Secondly, hospice is not designed for long periods of interaction. A typical social work or chaplain visit is no more than one hour in length, not usually more than once a week. The hospice gets paid a specific amount per day to take care of a patient, so they are careful stewards of their resources. – With an EOLD you are the steward of the resources. You decide what services you want your resources to go towards. You both decide how long visits will last, how many times a week/month/year and what you want to accomplish during that time.

Third, you do not have a direct line of communication to your hospice staff, you must go through the hospice service. – You have your EOLD’s direct number and you’ve worked out between you the terms of service hours and accessibility.

Fourth, If an individual leaves that hospice agency you get a new staff assignment. – Your EOLD is your staff, unless you fire her/him or there is an emergency, she/he is not going anywhere.
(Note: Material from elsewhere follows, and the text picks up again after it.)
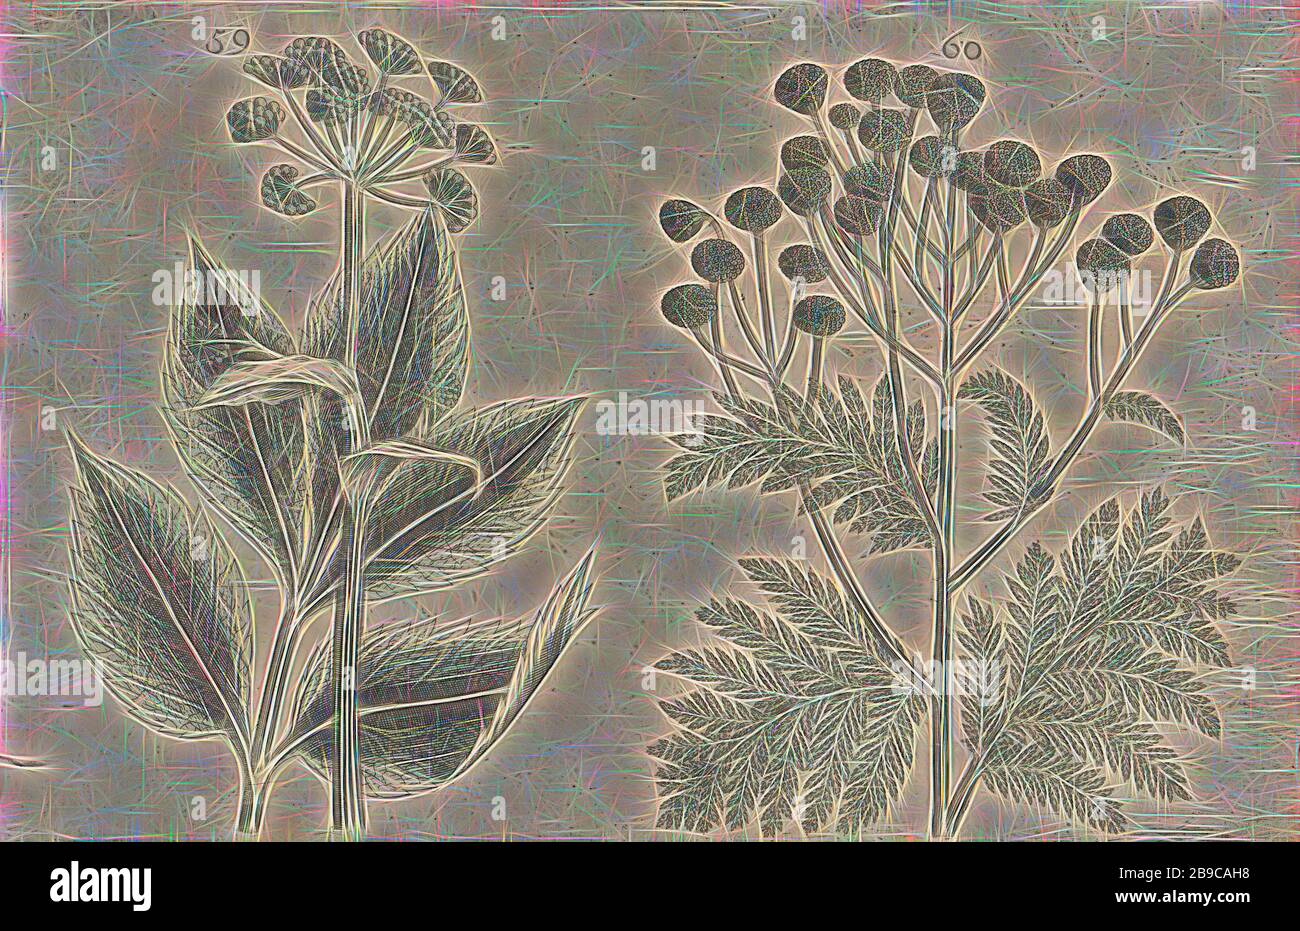 Hart root (Seseli libanotis) and tansy (Tanacetum vulgare), Hart root and tansy FIGs. 59 and 60 on a sheet hand numbered 30. In: Anselmi Boetii de Boot I.C. Brugensis & Rodolphi II. Imp. Novel. medici a cubiculis Florum, Herbarum, ac fructuum selectiorum icones, & vires pleraeque hactenus ignotÃ¦. Part of the album with sheets and plates from De Boodts herbarium from 1640. The twelfth of twelve albums with watercolors of animals, birds and plants known around 1600, commissioned by Emperor Rudolf II, anonymous, 1604 - 1632 and/or 1640, paper, ink, watercolor (paint), engraving, h 135 mm Ã— w 20 Stock Photo

On the rare occasions that a back up doula is utilized you hopefully would’ve met them ahead of time, or at least been made aware of them.

Fifth, the scope of practice for hospice employees defines their role very specifically in assisting with certain aspects of dying. – The EOLD’s scope of practice includes what she is skilled at within the parameters of ‘non-medical support’. So that might mean taking your dog to the groomer. It might mean a marathon scrapbooking session. It might mean doing rituals to provide emotional and spiritual comfort. Or using crystals and essential oils to promote a feeling of wellbeing. Or doing energy healing for the relief of physical/spiritual/emotional pain and discomfort.

EOLDs endeavor to work in conjunction with hospice teams, palliative care teams, doctors, churches, hospital staff and family units. There is no such thing as ‘too much support’.